Ein außergewöhnliches christliches Erbe
VON BLOSSOM BRANDT ERZÄHLT
Es schneite, als ich am 17. Januar 1923 in San Antonio (Texas) geboren wurde. Draußen war es kalt, doch das Zuhause, in das ich hineingeboren wurde, war dank meiner liebevollen christlichen Eltern, Judge und Helen Norris, warm und herzlich. Solange ich zurückdenken kann, drehte sich das ganze Leben meiner Eltern um die Anbetung Jehovas.
DIE Eltern meiner Mutter zogen 1910, als sie acht Jahre alt war, mit ihr aus der Gegend von Pittsburgh (Pennsylvanien) auf eine Farm bei Alvin (Texas). Dort lernten sie zu ihrer Freude durch einen Nachbarn die biblischen Wahrheiten kennen. Von da an verbrachte Mutti ihr ganzes Leben damit, bei anderen Interesse für die Königreichshoffnung zu wecken. Sie ließ sich 1912 taufen, nachdem die Familie nach Houston (Texas) gezogen war.
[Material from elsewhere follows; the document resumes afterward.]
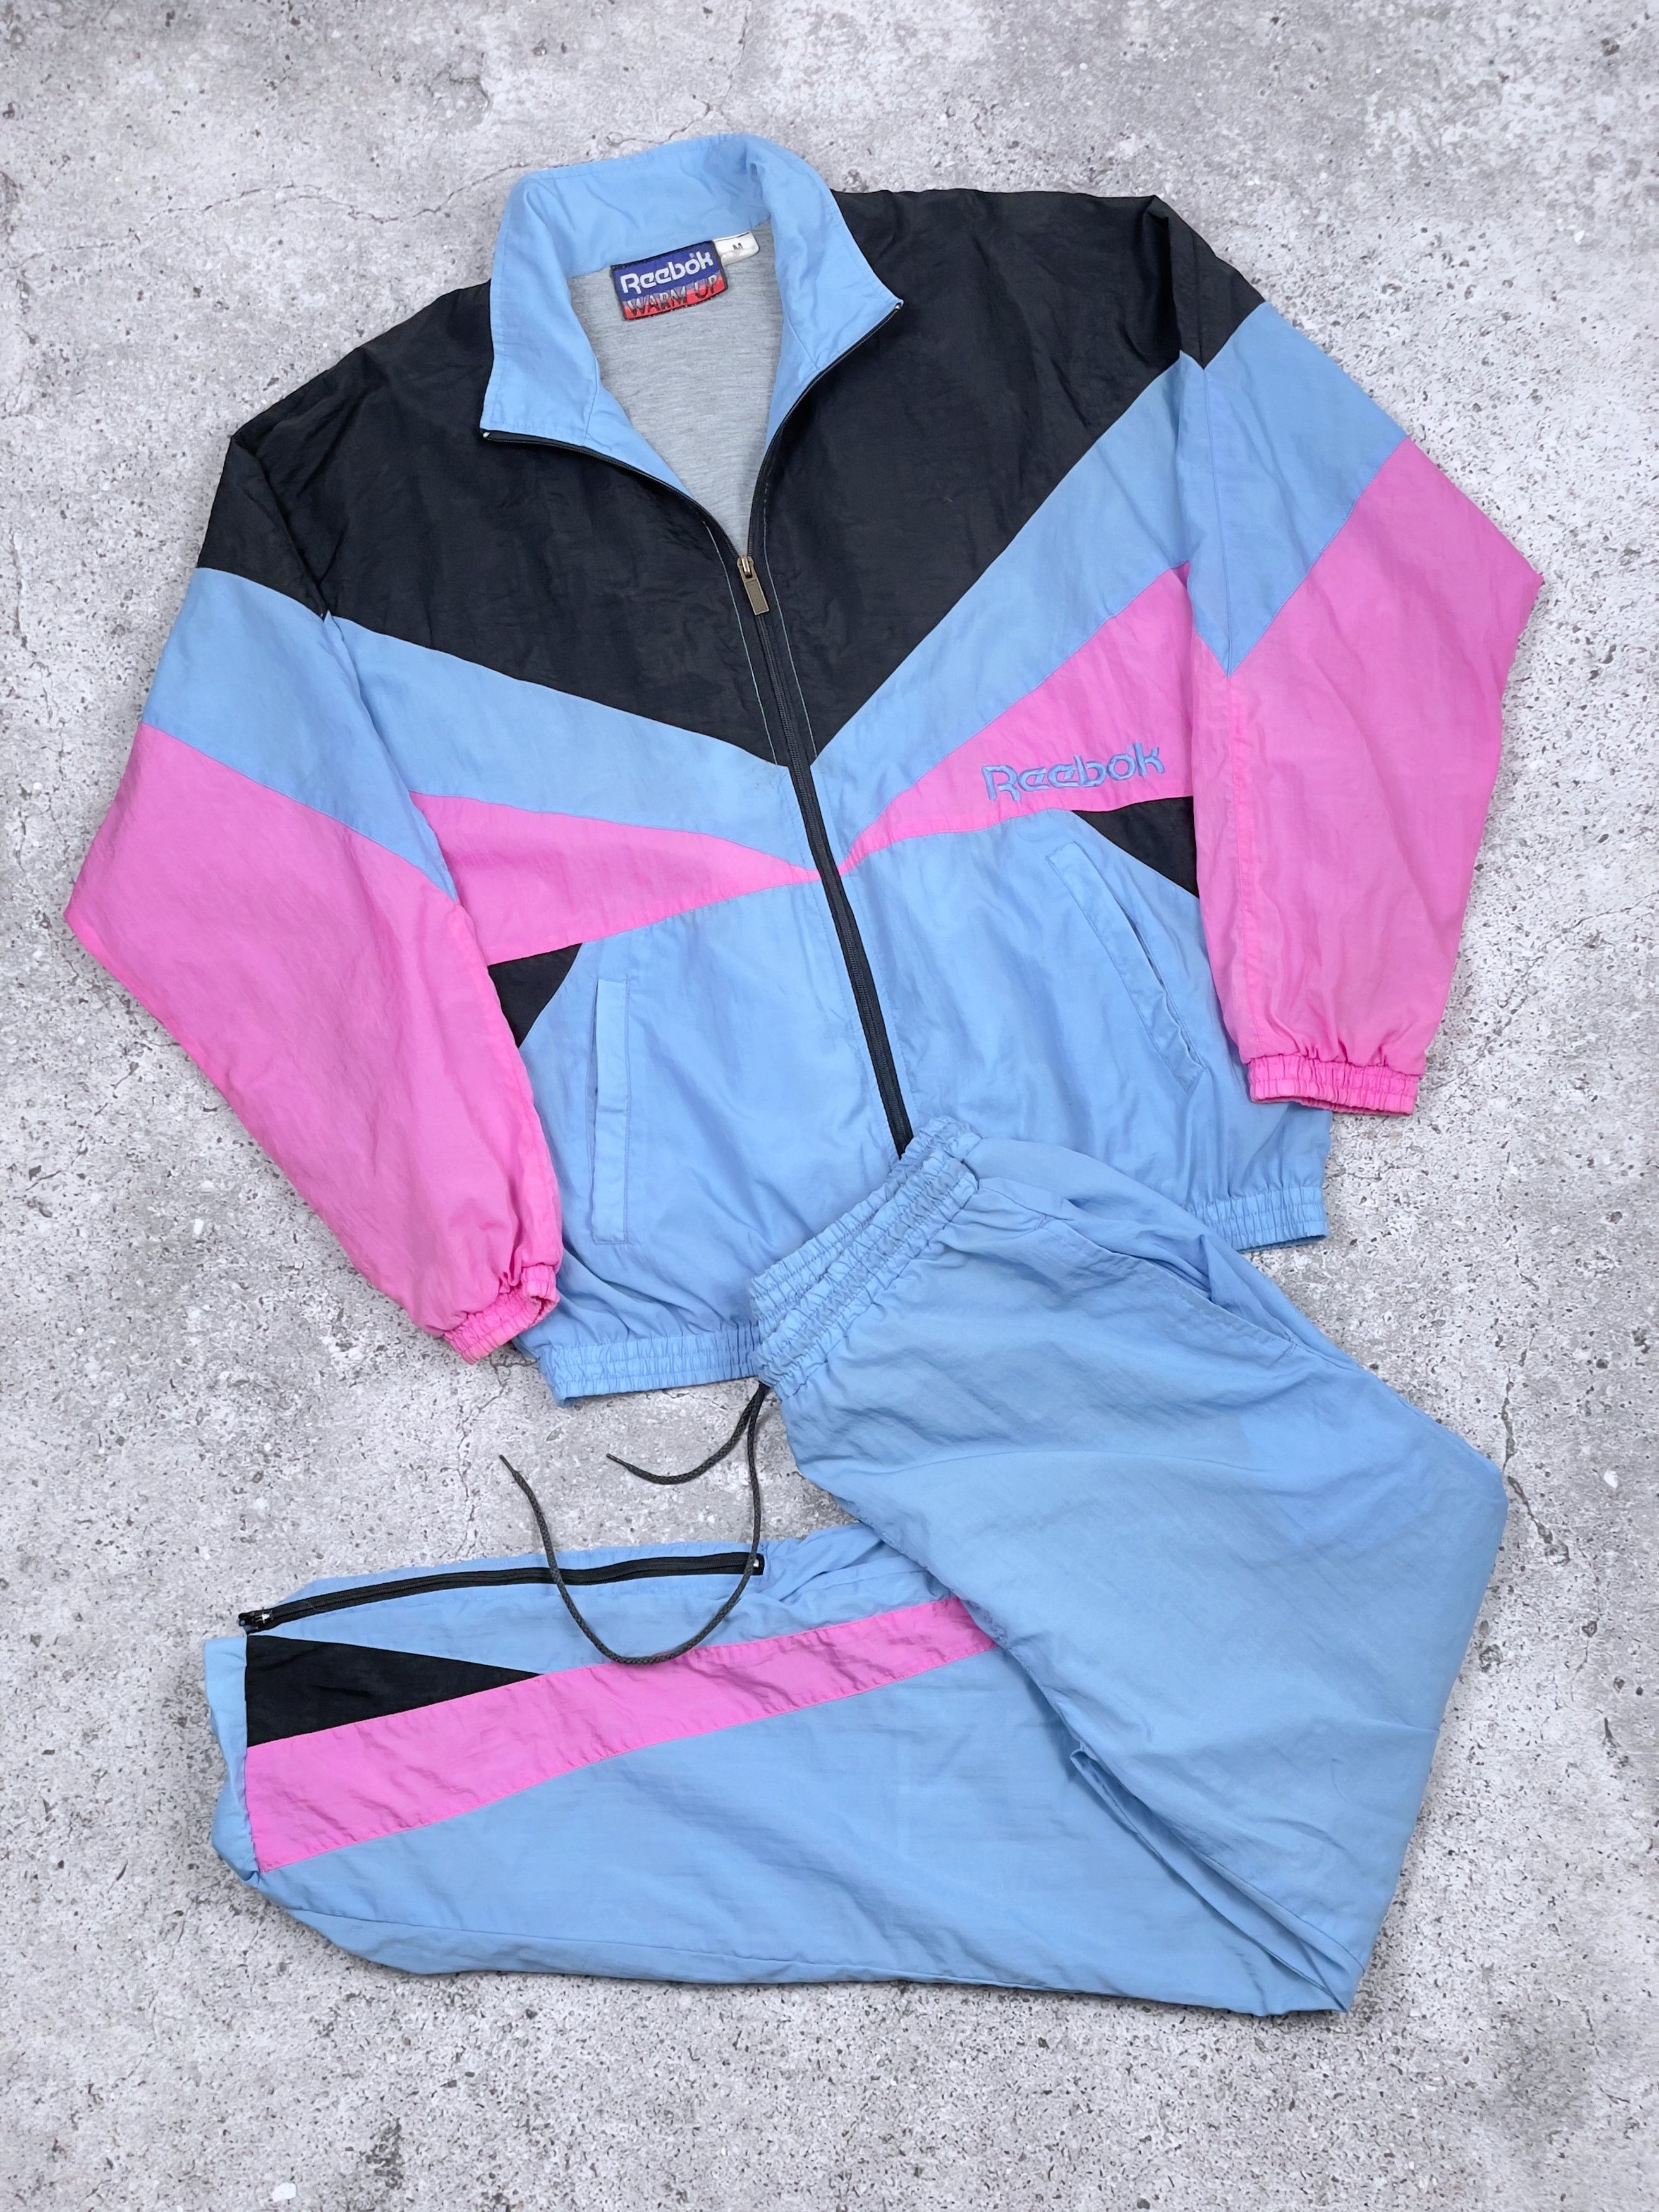 Vintage 80s Reebok Nylon Track Jacket Set Jacket + Pants Size US M / EU 48-50 / 2 - 1 Preview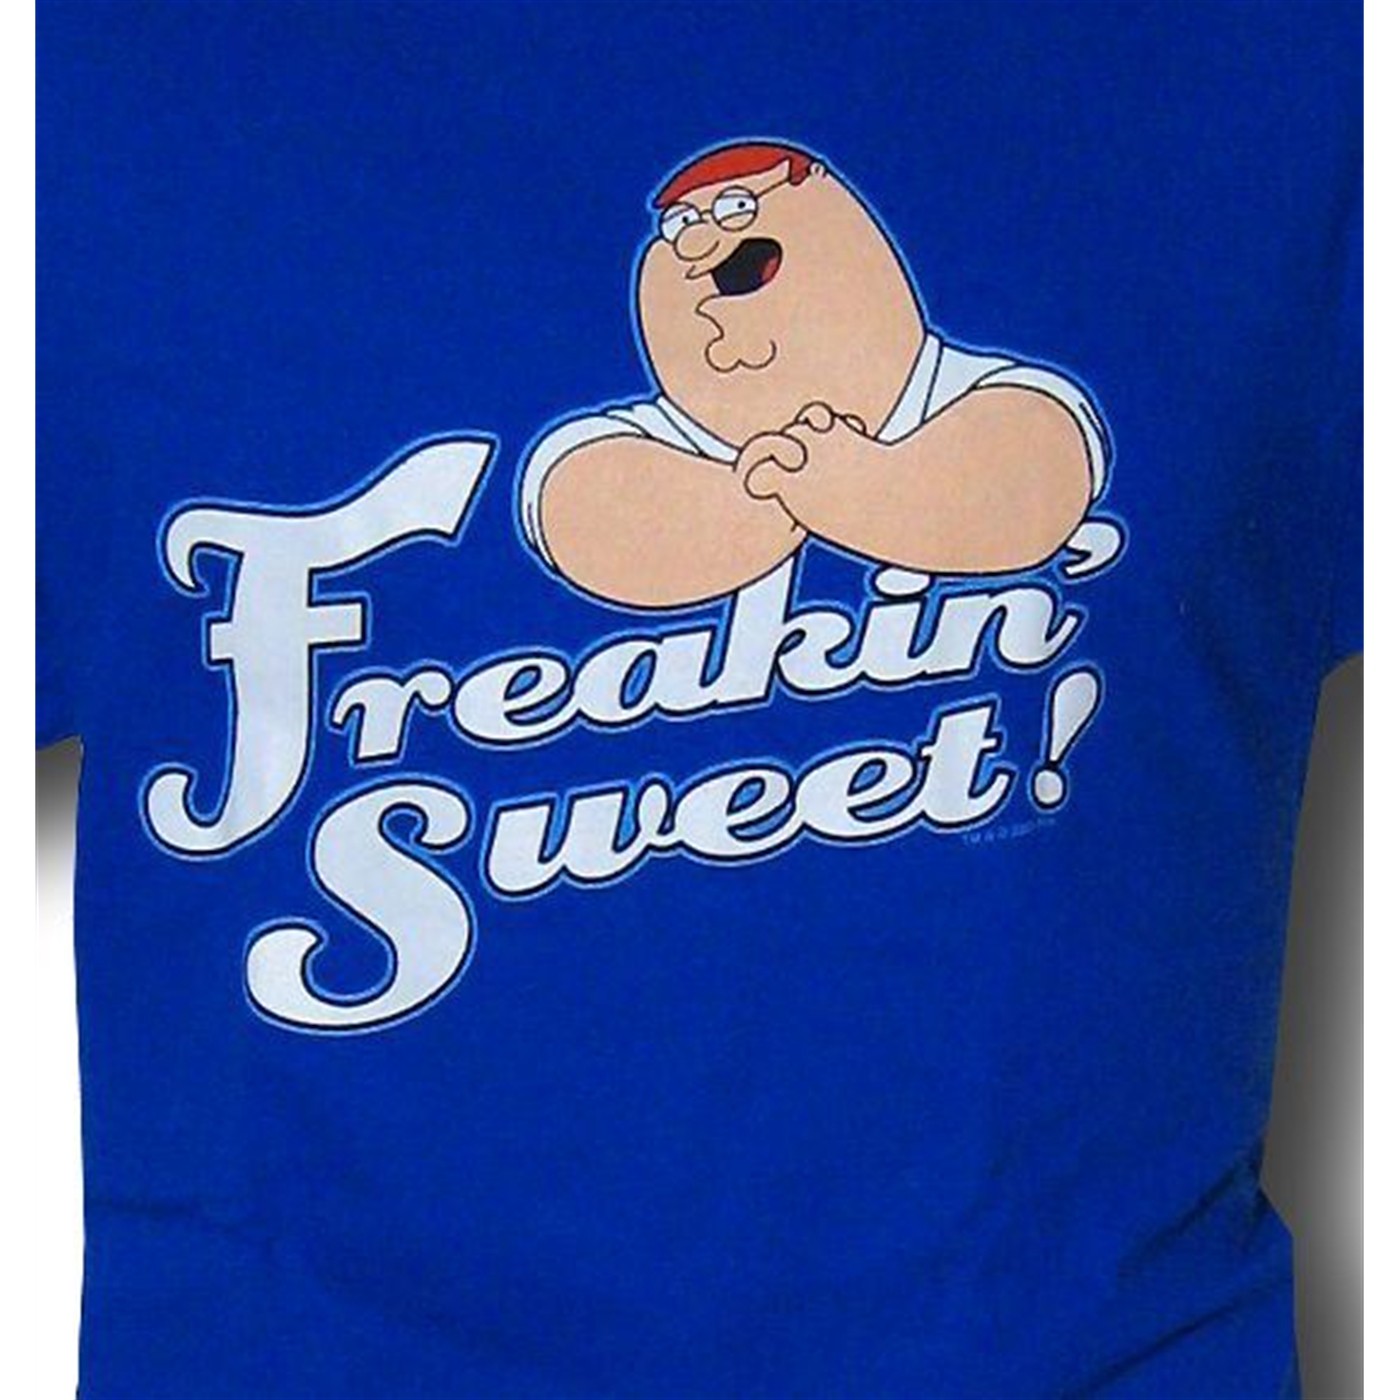 The Family Guy Peter Freakin' Sweet T-Shirt

Meine Mutter und ihre Eltern trafen Charles T. Russell, den ersten Präsidenten der Watch Tower Bible and Tract Society, zum ersten Mal, als dieser ihre Versammlung in Houston besuchte. Oft waren reisende Vertreter der Gesellschaft, damals Pilgerbrüder genannt, bei ihnen zu Gast. Einige Jahre später zogen meine Mutter und ihre Eltern nach Chicago (Illinois), und auch dort wurde die Versammlung von Bruder Russell besucht.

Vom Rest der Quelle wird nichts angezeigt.